BMP7 exerts its physiological function through the BMP/Smad pathway (canonical BMP/Smad pathway) or non-canonical BMP/Smad pathway (24). The ORI-induced upregulation of BMP7 may thus mediate the anticancer activity of ORI in colon cancer cells. Therefore, in this study, we hypothesized that ORI may affect the canonical or non-canonical BMP/Smad signaling pathway. The results of western blot analysis did not reveal any substantial effect of ORI on the levels of Smad1/5/8 or phosphorylated Smad1/5/8 in the SW620 cells; however, ORI markedly increased the level of phosphorylated p38 in the SW620 cells without any apparent effect on the level of total p38 (Fig. 7A).
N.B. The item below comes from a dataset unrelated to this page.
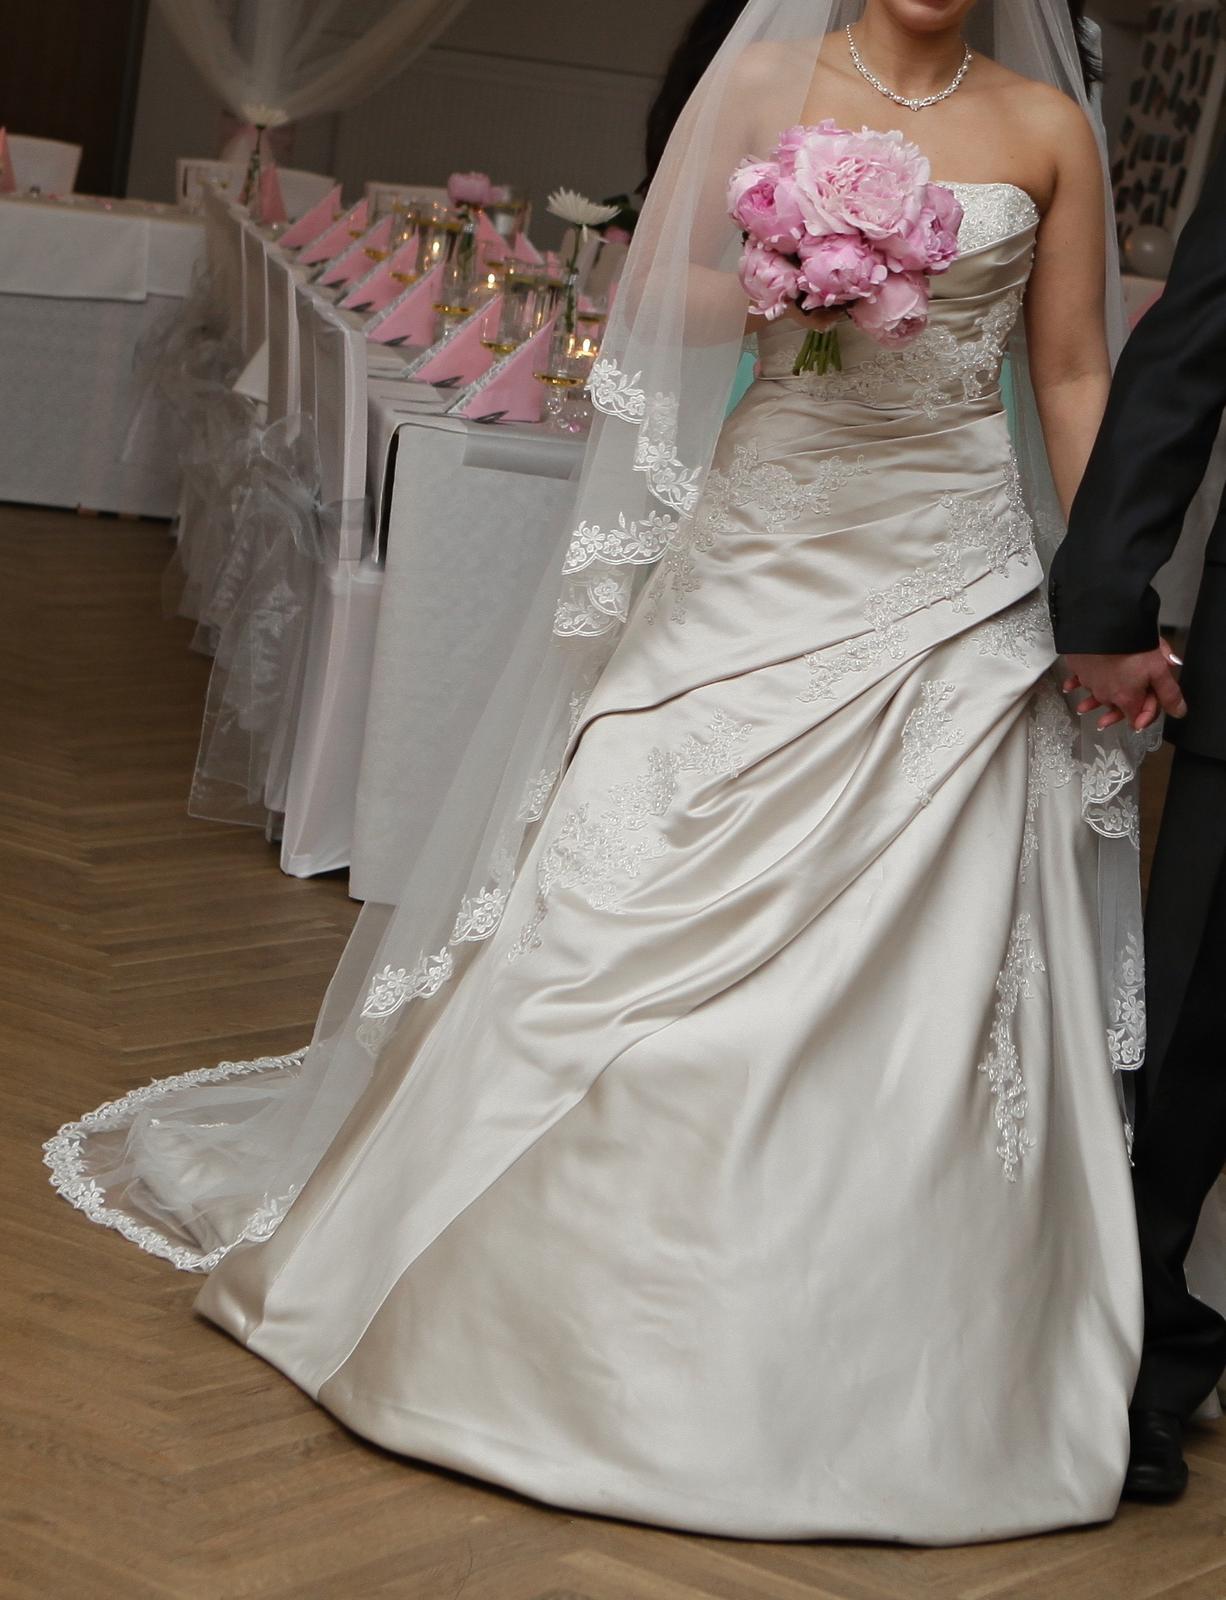 Svatební šaty Pronovias Nicole, vel. 36-38 - Obrázek č. 1

We also investigated the effects of p38 on the p53 signal in SW620 cells. We employed a p38 specific inhibitor (SB203580, 7 μg/ml) and found that the inhibition of p38 markedly attenuated the promoting effects of ORI on the levels of p53 and p-p53 (Fig. 7B). These data suggest that ORI exerts its anticancer effects through p38 to trigger the p53 signal in SW620 cells.

In this study, we found that ORI can upregulate BMP7 and the p53 signal in SW620 cells and activate p38, but cannot trigger the BMP/Smad signal in SW620 cells. Thus, we hypothesized that ORI may affect the activation of the p53 signal by activating p38. The results of western blot analysis indicated that BMP7 overexpression further increased the levels of p38 and p53 induced by ORI (Fig. 8A). However, the use of a specific antibody to BMP7 almost eliminated the promoting effects of ORI on the activation of p38 and p53 (Fig. 8B). These data suggest that BMP7 mediates the anticancer effects of ORI by activating p38 and p53 successively in SW620 cells.